Через телескоп все может показаться очень мелким. Но если смотреть через телескоп на землю или на собственную жизнь, можно и в канаву угодить. Дома я часто слушаю радио, по радио выступают люди, которые живут в далеком мире, их мир гораздо больше, чем мой, иногда я чувствую к ним зависть, а иногда страх, когда подумаю, насколько необъятен их мир и насколько богаче их жизненный опыт. А мы крутимся здесь, на нашем пятачке, я знаю каждого человека в этой коммуне, которой суждено было оказаться моей. Стуре, кроме людей, знает еще каждое дерево, но как это ничтожно мало по сравнению с теми, кто раз в неделю бороздит небо над планетой. Я имею в виду не туристов, которые возвращаются в свой дом такими же, какими покинули его. Дочь Гунхильд, та, что работает в киоске и путешествует на деньги матери, побывала во всех странах Европы, но умнее от этого не стала. Я имею в виду тех людей, которые могут прочитать лекцию на любую тему, и, может быть, прежде всего международных корреспондентов. Интересно, позволяет ли им их работа по-новому взглянуть на свою жизнь? Правда ли, что собственная жизнь приобретает иной масштаб, если сравнить ее со всем, с чем они сталкиваются? А собственные беды блекнут по сравнению со вселенскими? Может, этим людям легче забыть про свои невзгоды, которые и невзгодами-то не назовешь в охваченном огнем мире? Вроде моих невзгод, например, — давшей трещину жизни Карин или Гун, которой не поможет ни искренность, ни любовь, ни чашка бульона, ни дружеская рука? Или моего собственного отвращения к жизни, скорее даже не отвращения, а разочарования? Я не знала этого разочарования, когда была моложе, но теперь оно не покидает меня. Может, так и должно быть? Может, жизнь вовсе не праздник, как кажется в юности? Нет, в определенном смысле она все-таки праздник, только не бесплатный, а складчина. Угощение и одежда у каждого свои. Человек — не лилия полевая на земле и не птица небесная.

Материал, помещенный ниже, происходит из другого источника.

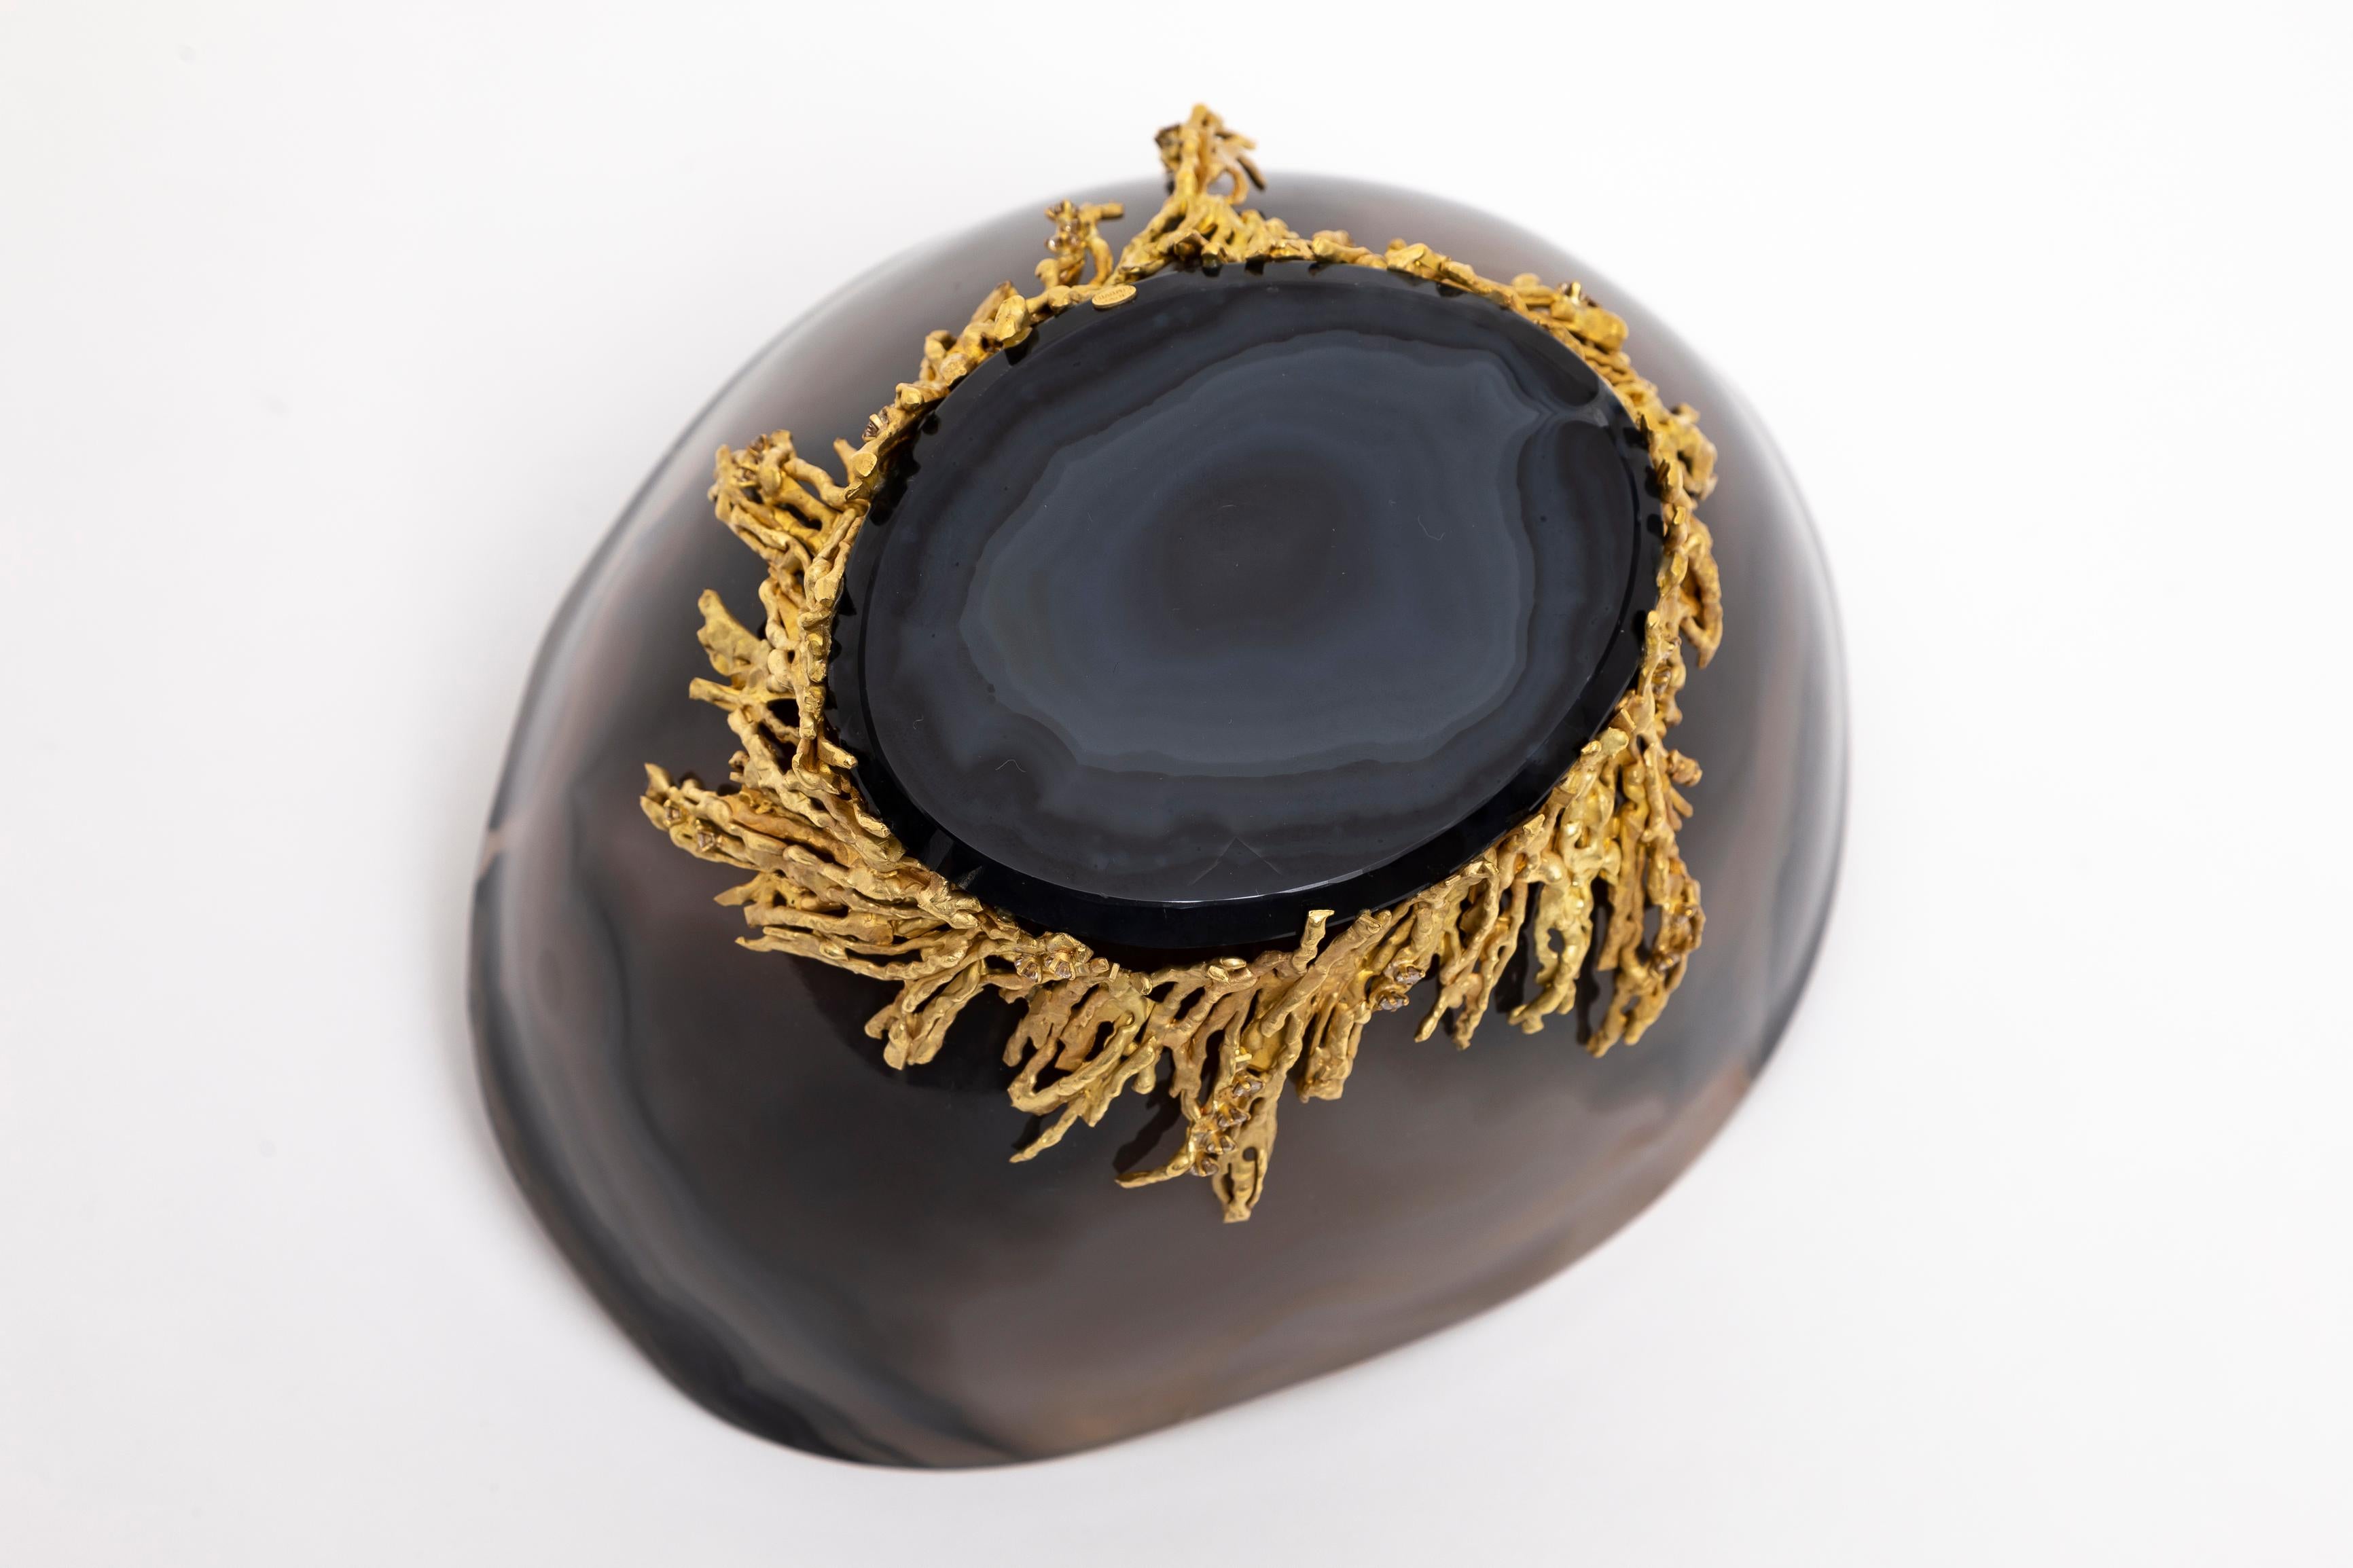 An Incredible Chaumet Paris Gold & Diamond Mounted Carved Agate Bowl For Sale 7

Мы едем вниз по длинной извилистой дороге, словно спускаемся в дивном танце, и там, внизу, перед новым подъемом, как всегда, останавливаемся и смотрим на водопад. Небольшой мост, перекинутый через узкий конец озера, неподвижная вода. Темная вода, она кажется коричневой из-за густых деревьев. Это с одной стороны моста. А с другой стороны все иначе. Ширины моста достаточно, чтобы неподвижная вода с плавающими кувшинками превратилась в хрустальный водопад. Кажется, что здесь одна за другой падают вниз дворцовые хрустальные люстры, светлые кристаллы сверкают, как звездный дождь. Им нет конца. Но у самой земли с кристаллами происходит новое превращение — они сливаются в узкий мелкий ручей, который, по-видимому, даже не подозревает, откуда он взялся и чем был еще совсем недавно или давно. Он точно бабочка, вылупившаяся из кокона. Не знаю, о чем мне это говорит и говорит ли вообще, но я не могу проехать мимо, не остановившись, чтобы посмотреть на неподвижную гладь воды, на падение хрустальных люстр и на маленький поток, который устремляется к другому озеру. И если я о чем-то думаю, глядя на это, так только об одном: удивительно, как жизнь преобразует смерть.

Дальше дорога круто поднимается в гору, и мы катим наши велосипеды рядом с собой, потом дорога спохватывается и вновь ведет себя смиренно, с земли поднимается терпкий коровий запах. Рядом с дорогой на вкусной и сочной траве лежит буренка, вероятно, ее замутило от этого изобилия. Стоит, сбившись кучками, черно-синий водосбор. Стуре что-то кричит мне и показывает на землю; подъехав к нему, я вижу в траве раздавленную гадюку. Всегда интересно смотреть на гадюку, эту грозу деревенских дорог, но жалости, как при виде барсука, не возникает.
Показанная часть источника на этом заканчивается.